The liquidator has the power to sell the real and personal property and things in action of the company by public auction or private contract, with power to transfer the whole thereof to any person or company or to sell the same in parcels. A purchaser of assets from a liquidator will receive good title.

There are no specific provisions that restrict the use of stalking horse bids as the sale process is at the discretion of the liquidator.

When a winding-up order is issued by the court, it is the duty of the creditors and contributories to establish a committee of inspection.

The powers of the committee are the following:

  • determination of the remuneration of the liquidator;
  • the approval for the continuation of the business of the company;
  • the approval of the filing of actions or defences;
  • the demand that the liquidator submit to the committee of inspection a report on the procedure of the liquidation and the accounts; and
  • the demand that the accounts of the liquidator be examined by independent accountants.

In a CVL, the creditors at the meeting may appoint a committee of inspection consisting of not more than five persons and, if such a committee is appointed, the company may, either at the meeting at which the resolution for voluntary winding-up is passed or at any time subsequently in a general meeting, appoint a number of persons as they think fit to act as members of the committee, not exceeding five in number.
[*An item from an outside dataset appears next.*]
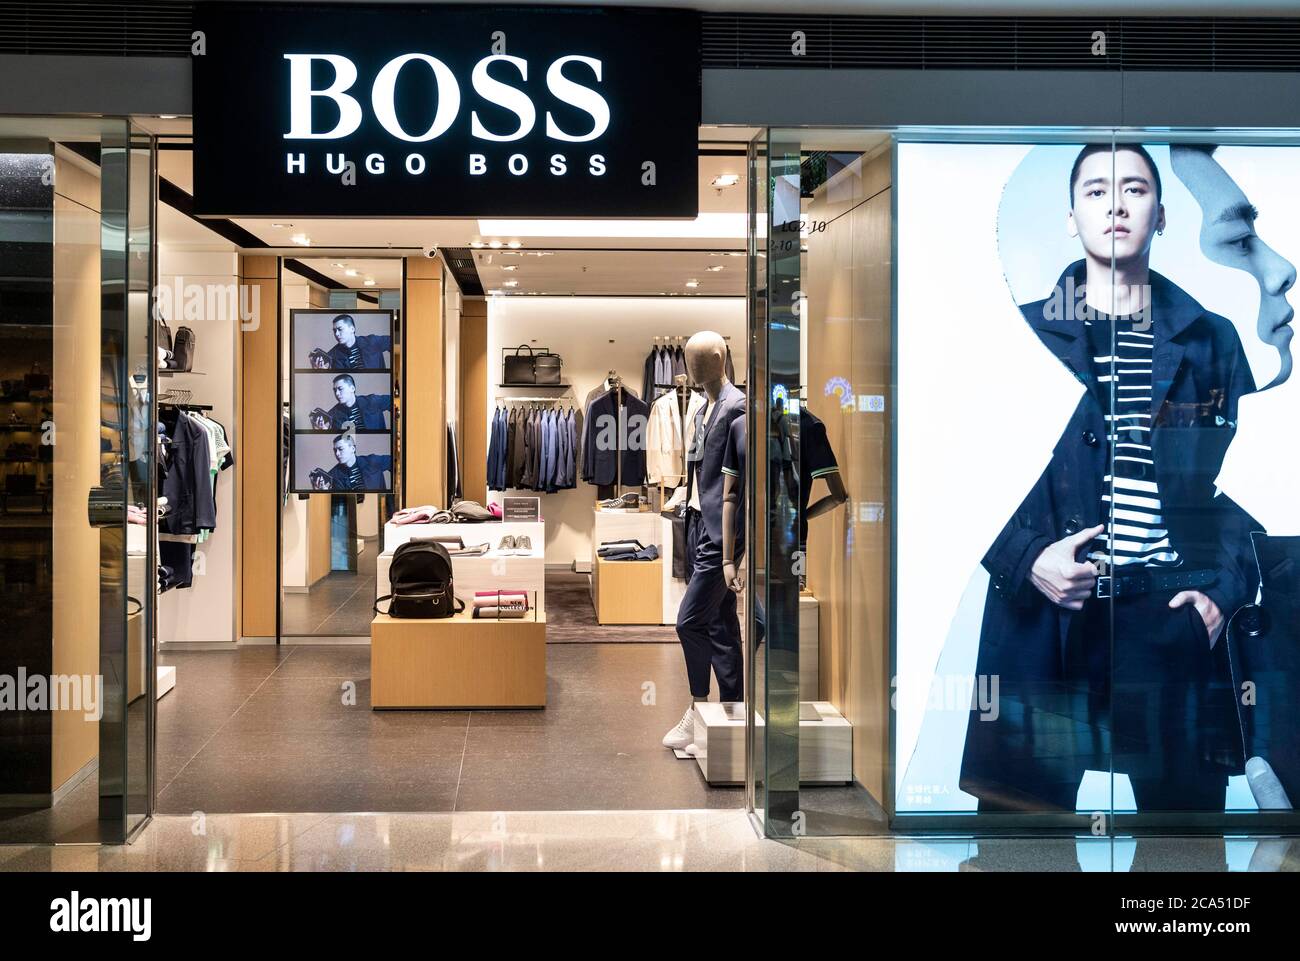 hugo boss clothing line

The Regulation (EU) 2015/848 of the European Parliament and of the Council of 20 May 2015 on Insolvency Proceedings (recast) (Recast Regulation) is applicable in Cyprus and, as such, where the foreign proceedings are capable of recognition under the Recast Regulation, they will be recognised in Cyprus. As from 1 February 2018, the archive of the Insolvency Service of Cyprus has joined the e-Justice of the European Committee facilitating cross-border insolvency proceedings.

Cyprus has not entered into any cross-border insolvency protocols that enable the court to co-ordinate insolvency proceedings with other countries. The co-operation between courts across EU member states is provided for under Articles 41–43 of the Recast Regulation (please see 8.1 Recognition or Relief in Connection with Overseas Proceedings). Cyprus is not a member of the UNCITRAL Model Law on Cross-Border Insolvency.

The Recast Regulation sets out comprehensive rules as regards recognition of main insolvency proceedings within the EU (please see 8.1 Recognition or Relief in Connection with Overseas Proceedings and 8.2 Co-ordination in Cross-Border Cases).

Foreign creditors are entitled to claim in the same way as domestic creditors.

A licensed insolvency practitioner may be appointed as a liquidator, an examiner, a receiver and an administrator.

Liquidators

The liquidator is appointed under an MVL, a CVL and under involuntary liquidation proceedings. Please see 2.1 Overview of Laws and Statutory Regimes.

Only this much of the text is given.